Der Sondershäuser Vereinschef weiß das Gros der Landesklässler hinter sich. Nach einer neuen Befragung seien es noch mehr Vereine, die einen Abbruch wünschen. Nicht zuletzt aufgrund des Glaubens an eine Rückkehr in den Liga-Alltag hat Springer ein Schreiben an den TFV geschickt. Bis Donnerstag gab es keine Reaktion. Im aufgeheizten Klima bleibt der TFV kühl.

Der Marbacher Kreisoberliga-Spieler Lars Sänger, der mit einer Online-Petition mehr als 2000 Unterschriften gesammelt hat, fühlt sich ebenso links liegen gelassen. Er könne die Sammlung an Unterstützern beim TFV-Geschäftsführer abgeben, habe ihm der TFV-Präsident angeboten. Dabei hat TFV-Chef Wolfhardt Tomaschewski bei der gleichen Frage im Jugendbereich seinerzeit signalisiert, offen für Lösungen zu sein, wenn sie sich als besser erweisen. Für den Männerbereich scheinen Gegenvorschläge nicht willkommen. Springer mahnt an, mehrfach angeboten zu haben, ins Gespräch zu finden. Auf eine Antwort wartet er immer noch.

Debatte um Außerordentlichen Verbandstag

In den barschen Ton, der dem Thüringer Verband nun entgegen rauscht, mischen sich sachbezogene Töne aus Weimar. Der SC 1903 argumentiert beharrlich für einen Verbandstag. Nach abgewiesener Beschwerde will er weiterkämpfen, um der Mitgliederversammlung die Plattform zu verschaffen, auf der die so weitreichende Entscheidung getroffen werden kann. Der Verein behält sich den Gang zum Verbandsgericht vor – will aber noch das schriftliche Urteil abwarten. Möglicherweise stellt der TFV selbst die Weichen auf einem Außerordentlichen Verbandstag. Das Thema soll wohl bei der heutigen Präsidiumssitzung erneut besprochen werden.

Warum sich der TFV an den Bayrischen Verband mit seinem Lösungsansatz klettet, bleibt undurchsichtig. Meilenweit weg erscheinen die Süddeutschen von Thüringer Befindlichkeiten. Sogar eine eigene Regionalliga verorten die Bayern um den für die Amateure zuständigen DFB-Vize Rainer Koch bei sich.
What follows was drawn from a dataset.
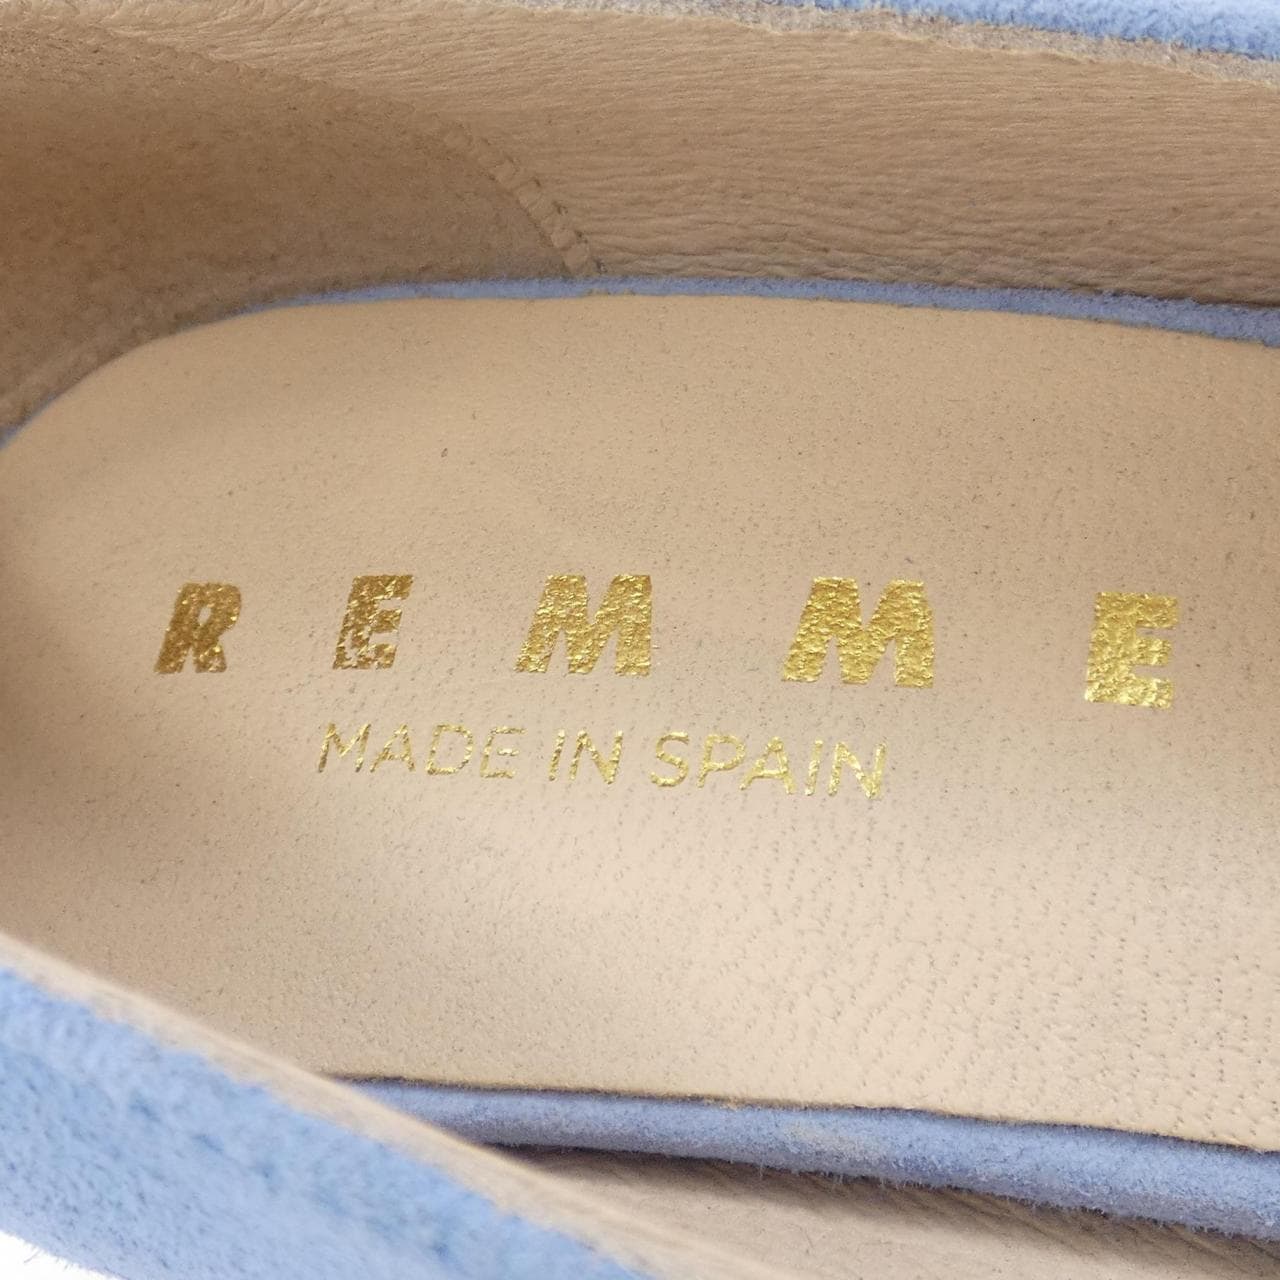 REMME shoes

Thüringen dagegen nimmt nur einen kleinen Teil der Regionalliga des Nordostdeutschen Verbandes ein. Was schwerer wiegt: Zum ersten Mal seit der Wiedervereinigung ist der hiesige Fußball nicht mal mehr drittklassig. Höchste Zeit – für mehr Geld, gute Ideen und einen Perspektivwechsel.